# Sitecore

To configure Sitecore integration, follow these steps based on your data source type:

#### 1. **Folder Configuration**:

* **Source Type**: Select **"Folders"**.
* **Folder ID**: Enter the unique **Folder ID** where your data is stored in Sitecore.
* **Recursive Search**: Enable **"Recursive search"** if you want to include subfolders and their contents.

#### 2. **Manifest File Configuration**:

* **Source Type**: Choose **"SiteCore Manifest"**.
* **S3 Bucket Path**: Provide the path to the **S3 bucket** where the Sitecore manifest file is stored.
* **Credentials**: Ensure the correct credentials are set up for both Sitecore and the S3 bucket to enable access.

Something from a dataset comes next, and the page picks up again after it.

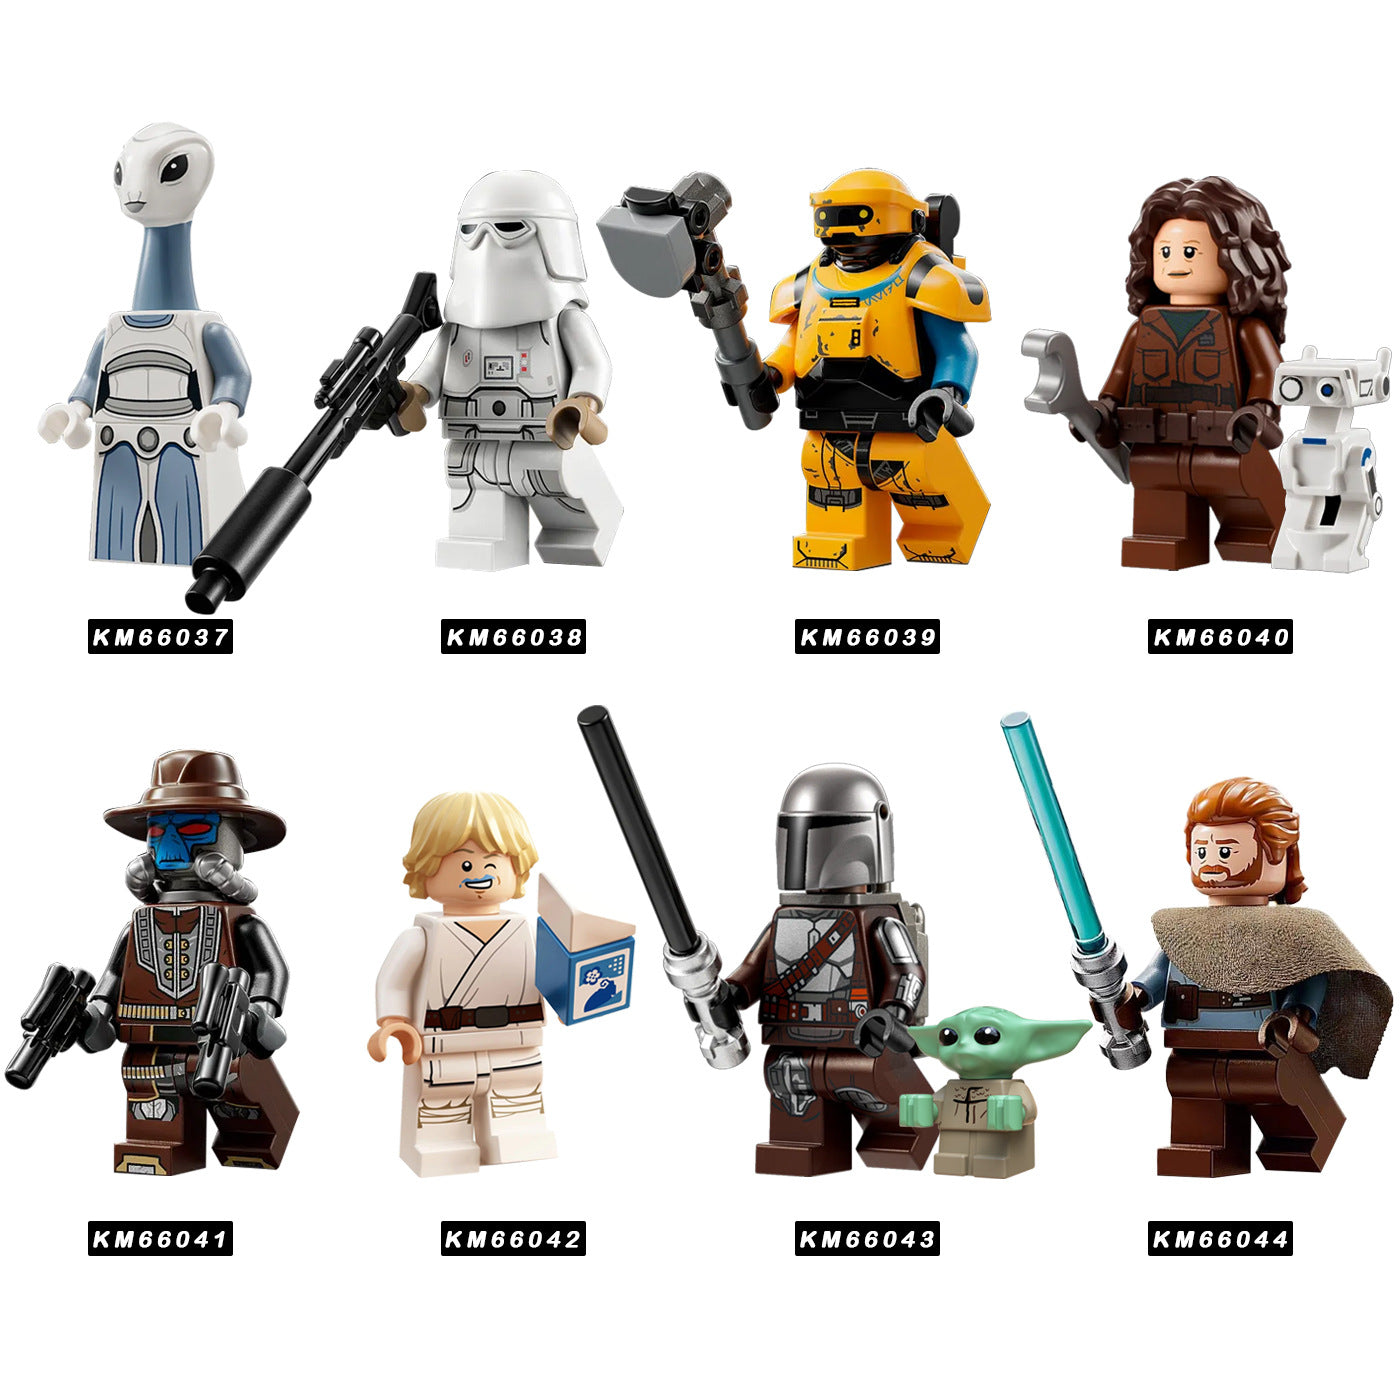 Star Wars Mini Figure Compatible With Lego Toys Building Blocks
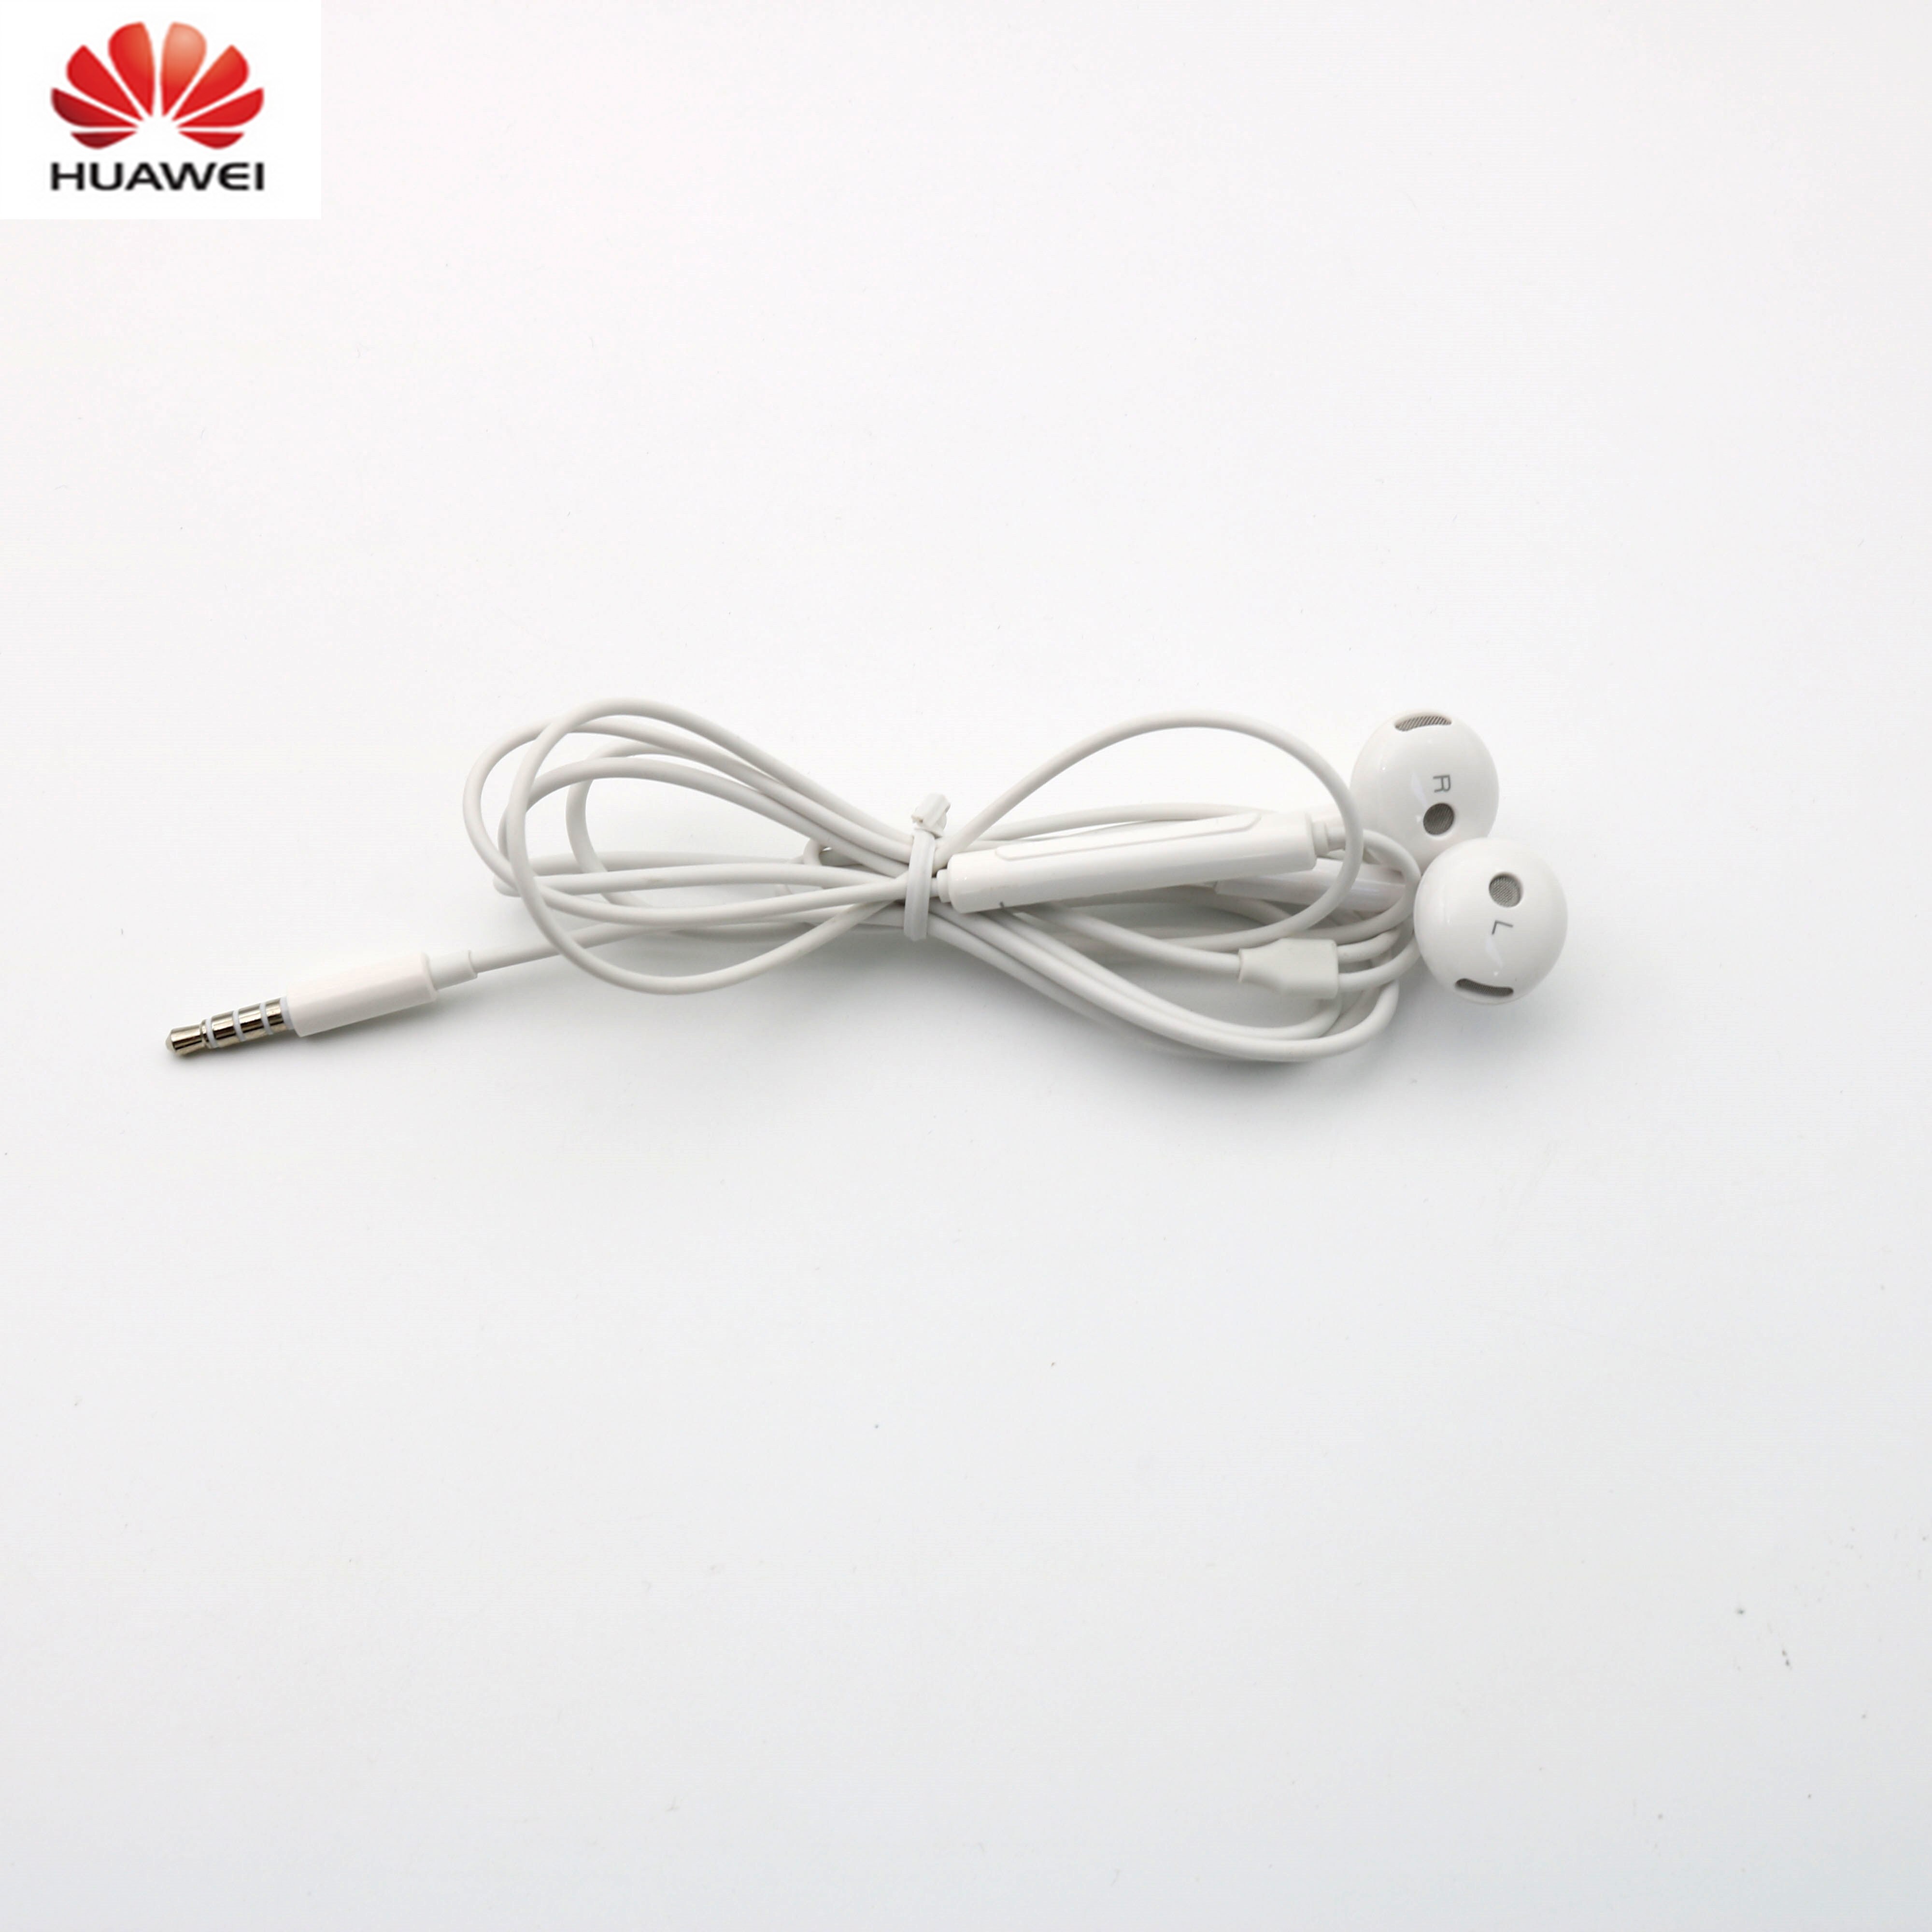 Original Huawei Honor AM115 Earphone with 3.5mm in Ear Earbuds Headset Wired Control for Honor 8 Huawei P10 P9 P8 Mate9 phone: No packing

**Sample Manifest Structure**

A manifest defines how content is extracted, filtered, and processed. It provides reusable, declarative configurations for large-scale ingestion workflows.

```
{
  "knowledge_articles": {
    "type": "Knowledge Articles",
    "extraction_rules": {
      "content_type": "html",
      "content_fields": ["Body"],
      "metadata_fields": {
        "Date"
      }
    },
    "filters": ["PLACEHOLDER_FILTER"],
    "sources": [
      { "path": "/placeholder/path/one", "recursive": true },
      { "path": "/placeholder/path/two", "recursive": true }
    ]
  },

  "questions_answers": {
    "type": "questions_answers",
    "extraction_rules": {
      "content_type": "html",
      "content_fields": [
        "Question",
        "Answer"
      ]
    },
    "filters": ["Release"],
    "sources": [
      { "path": "/placeholder/path/faq", "recursive": true }
    ]
  },

  "video_image_files": {
    "type": "Video and Image Files",
    "extraction_rules": {
      "content_type": "file",
      "content_fields": [],
      "folder_type": "Media Library",
      "metadata_fields": {
        "ItemID": "keyword",
        "Display Date": "date"
      }
    },
    "filters": [
       "*png",
        "*jpg",
        "*vidyard player",
        "*mp4"
    ],
    "sources": [
      { "path": "/placeholder/media/path/one", "recursive": true },
      { "path": "/placeholder/media/path/two", "recursive": true },
      { "path": "/placeholder/media/path/three", "recursive": true }
    ]
  },

  "pdf_files": {
    "type": "PDF Files",
    "extraction_rules": {
      "content_type": "file",
      "content_fields": [],
      "metadata_fields": {
       "ItemID" : "keyword",
        "Display Date" : "date",
        "Date" : "date"
      }
    },
    "filters": [
       "*pdf",
      "*docx"
    ],
    "sources": [
      { "path": "/placeholder/path/documents", "recursive": true }
    ]
  },

  "archived_files": {
    "type": "Archived Files",
    "extraction_rules": {
      "content_type": "file",
      "content_fields": [],
      "metadata_fields": {
       "ItemID" : "keyword",
        "Date" : "date",
        "Display Date" : "date"
      }
    },
    "filters": [
      "*zip",
      "*rar"
    ],
    "unzipped_files_filter": [
      ["*.pdf","*.ppt","*.html"]
    ],
    "sources": [
      { "path": "/placeholder/path/archive", "recursive": true }
    ]
  }
}
```

* **`knowledge_articles`**: Defines the configuration for extracting and processing knowledge article data.
* **`type`**: Specifies the type of data or document being processed (e.g., `PLACEHOLDER_TYPE`).
* **`extraction_rules`**: Defines the rules for extracting content and metadata from the documents.
  * **`content_type`**: Specifies the format of the document content (e.g., `html` or `file`).
  * **`content_fields`**: Lists the fields within the content to extract (e.g., text or specific data).
  * **`metadata_fields`**: Defines the metadata fields and their types (e.g., author, creation date).
* **`filters`**: Defines filters to apply to the content, such as specific keywords or conditions.
* **`sources`**: Specifies the paths to the data sources, with an option to recurse through subdirectories.
  * **`path`**: The location of the data source.
  * **`recursive`**: A boolean indicating whether to process subdirectories.
* **`questions_answers`**: Defines the configuration for extracting question and answer pairs.
* **`video_image_files`**: Configuration for processing video and image files.
  * **`folder_type`**: Specifies the type of folder containing the files.
  * **`filters`**: A list of filters to apply specifically for video and image files.
* **`pdf_files`**: Defines the configuration for processing PDF files.
  * **`filters`**: Specifies filters such as file extensions for processing PDFs.
* **`archived_files`**: Configuration for processing archived files (e.g., ZIP files).
  * **`unzipped_files_filter`**: Filters for processing files after they have been unzipped.